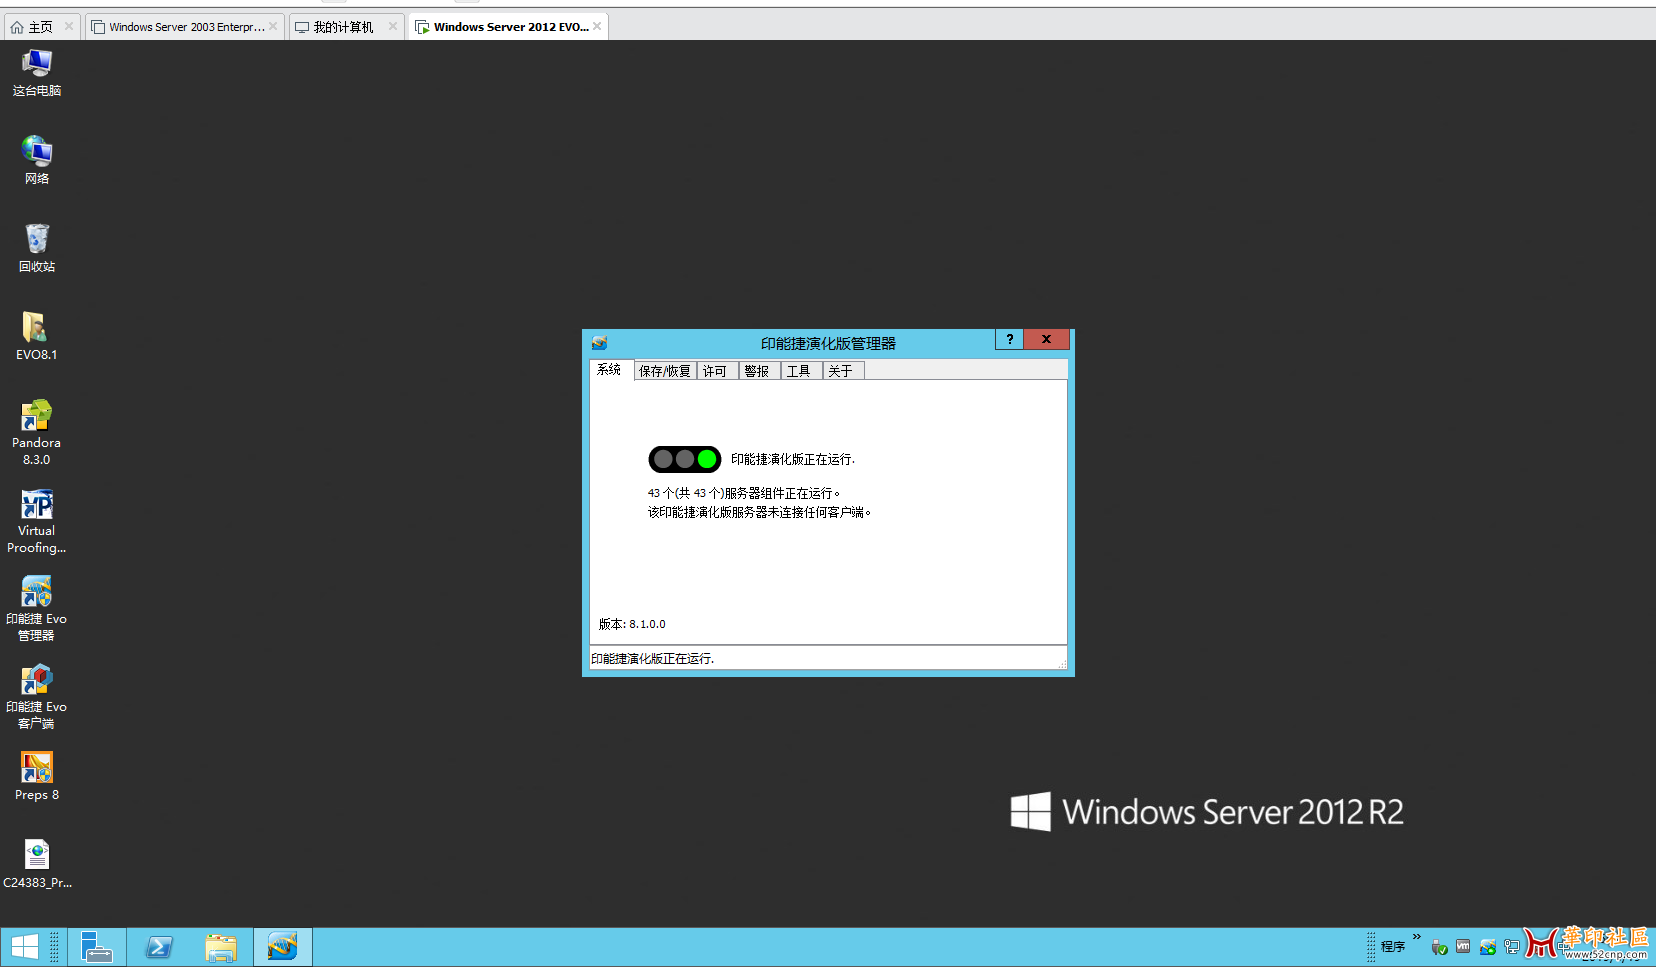 Win Server 2012 R2 EVO 8.1 VM 15{tag}(6)
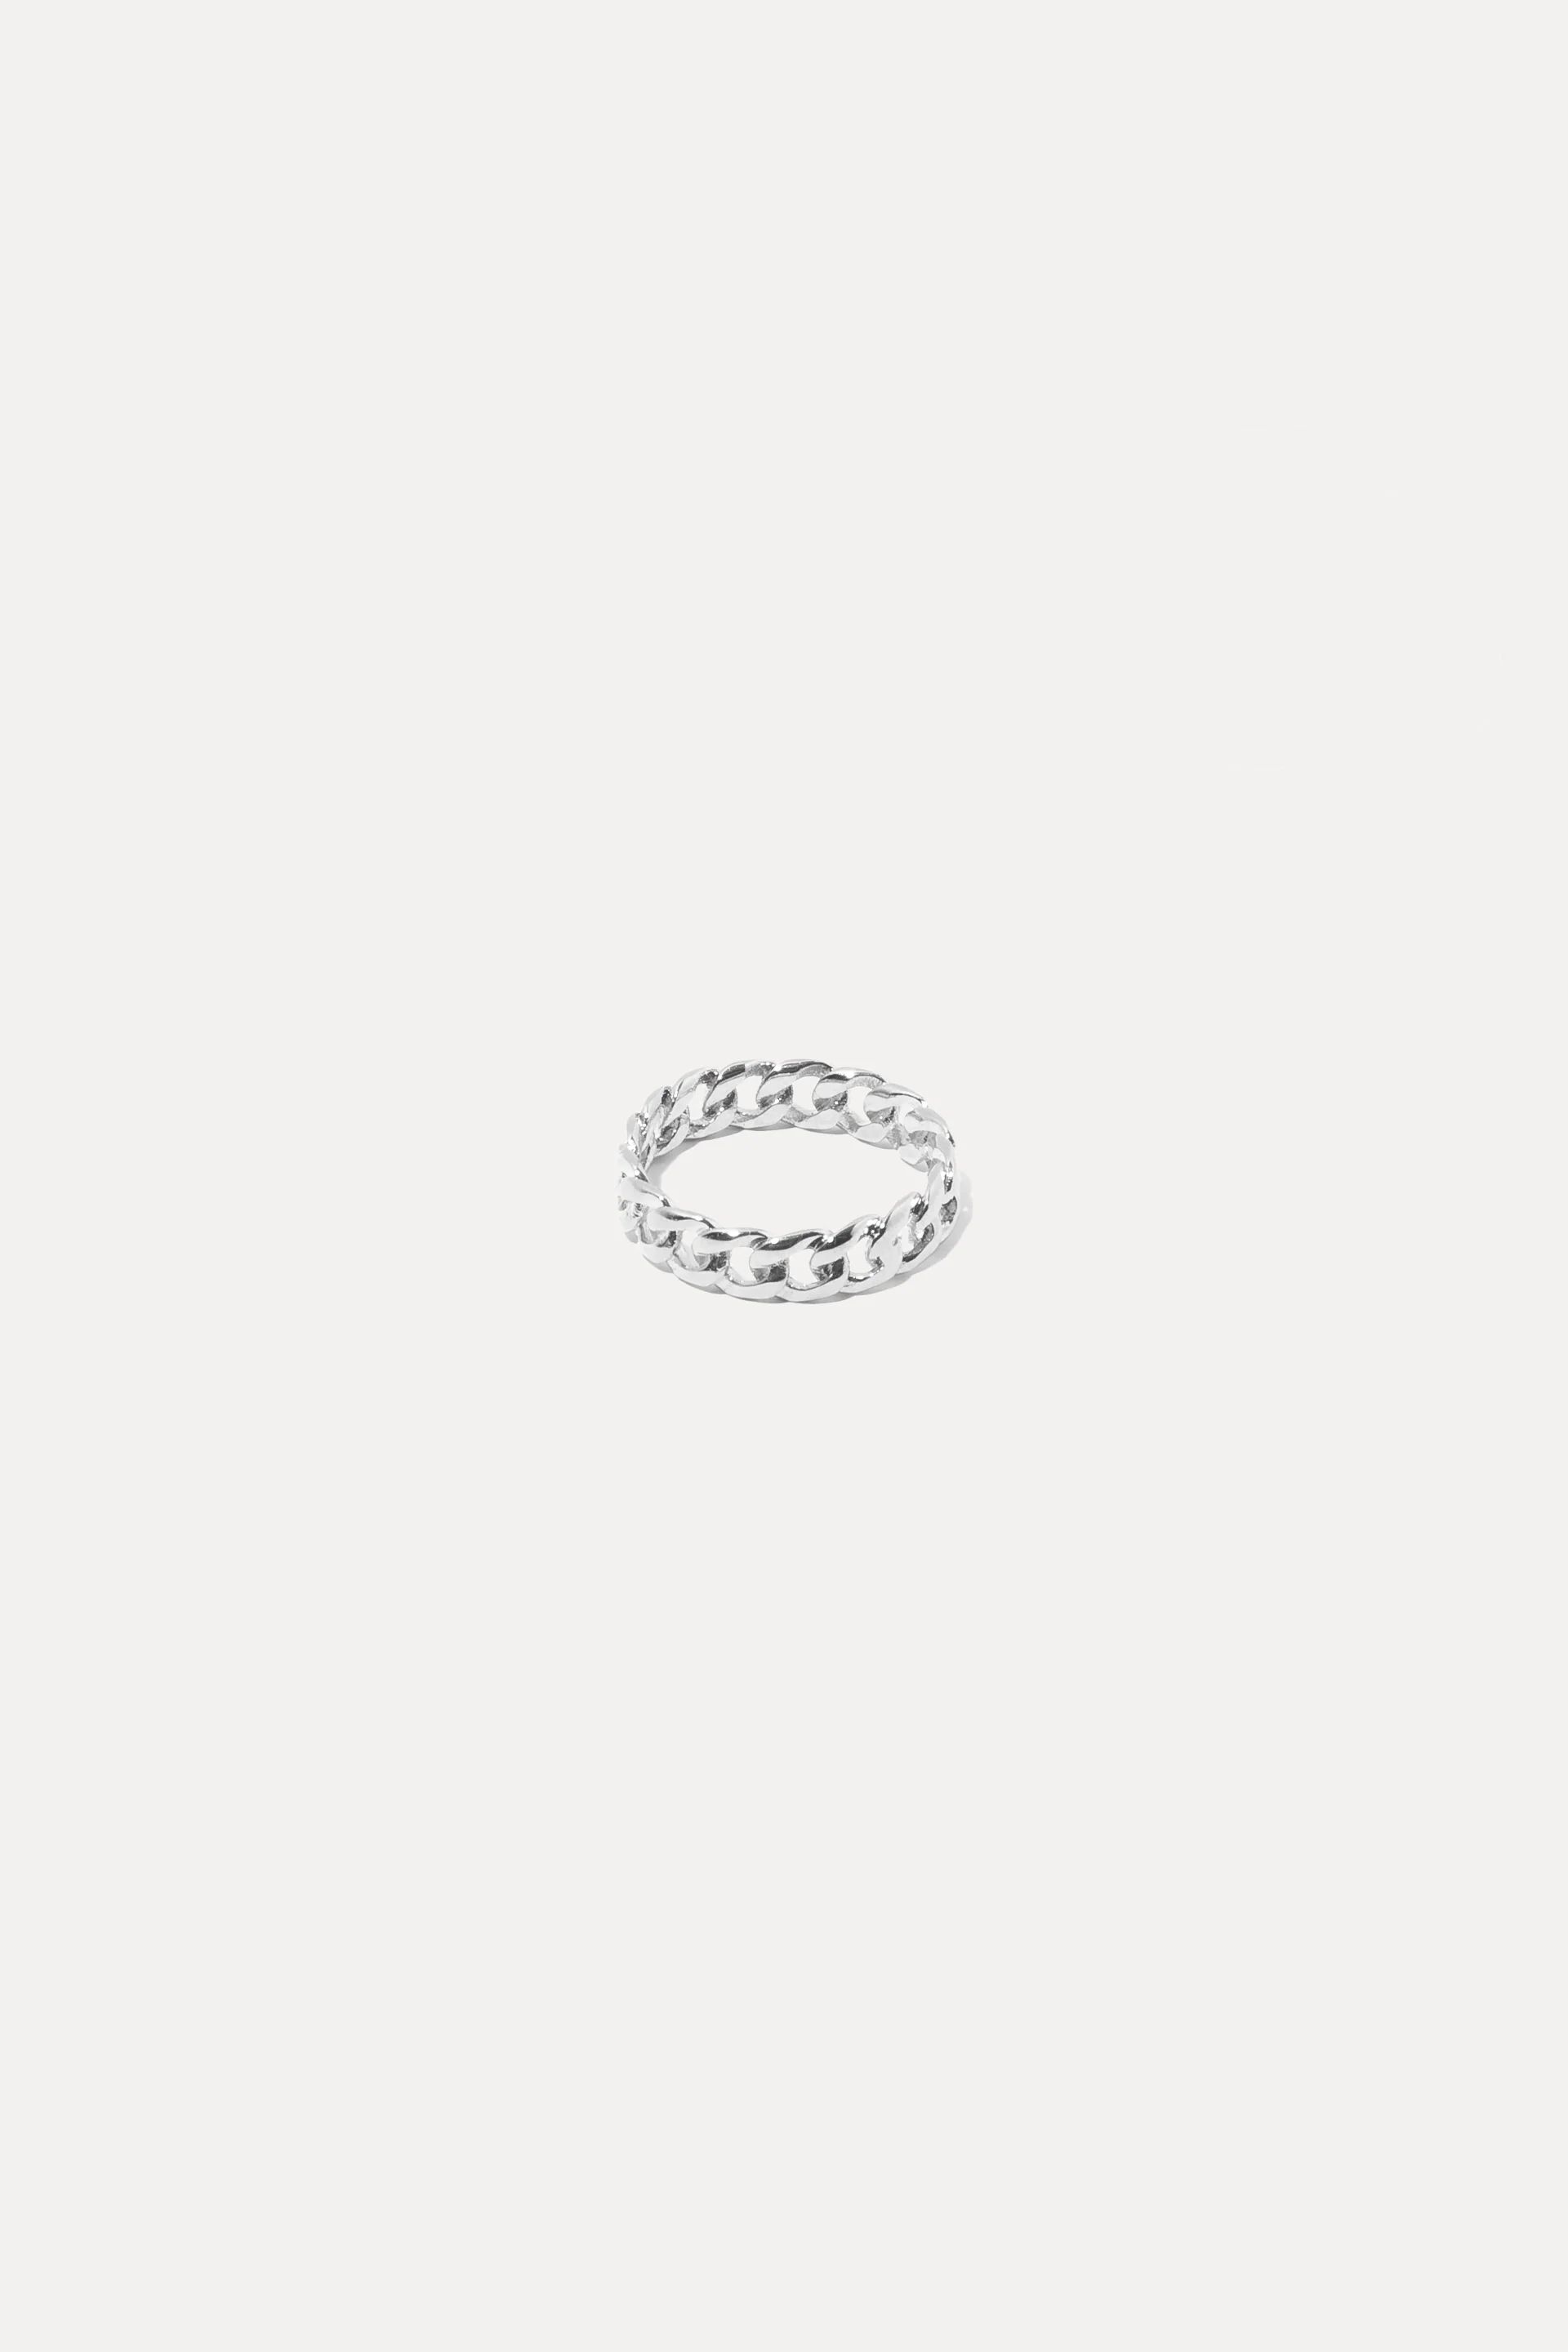 Rowen Ring | Miranda Frye Inc.
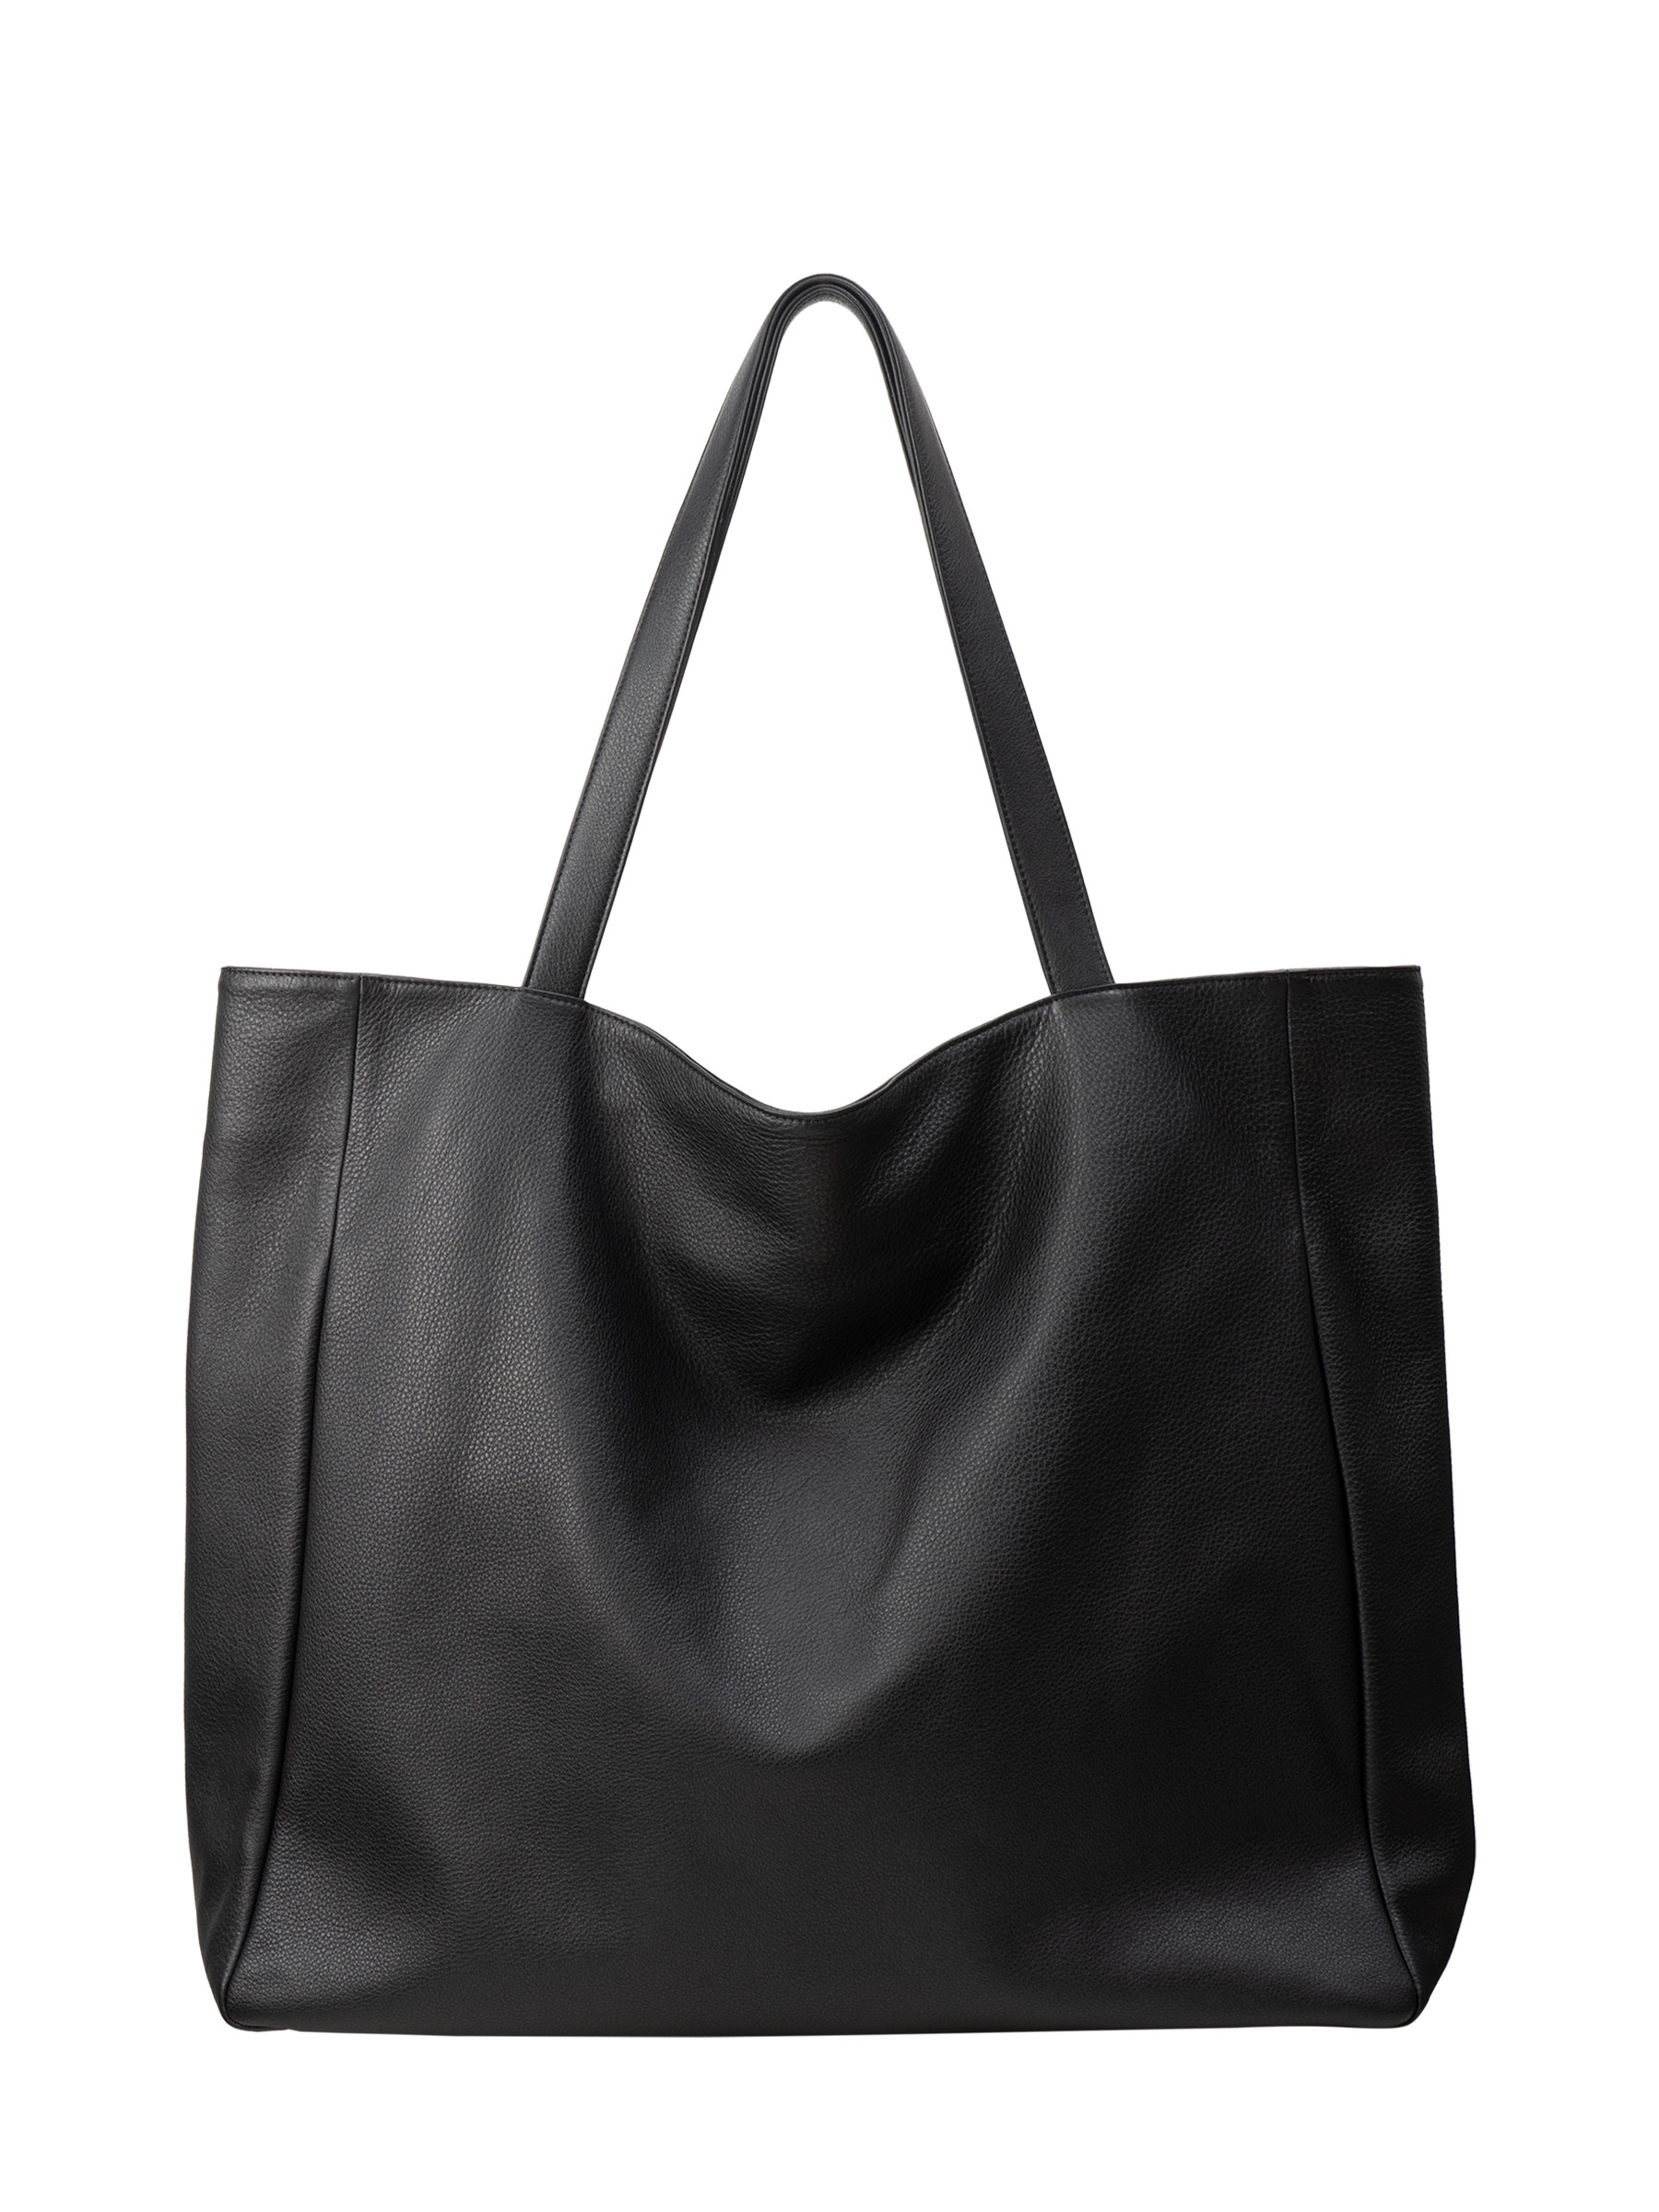 FABER ONE shoulder bag in black calfskin leather | TSATSAS

★ ★ ★ ★

What you write must match, line for line, the lines from the one with "Rowen Ring | Miranda Frye Inc." through the last line of the data above, minus the pictures.

Completed task:
 Rowen Ring | Miranda Frye Inc.
 FABER ONE shoulder bag in black calfskin leather | TSATSAS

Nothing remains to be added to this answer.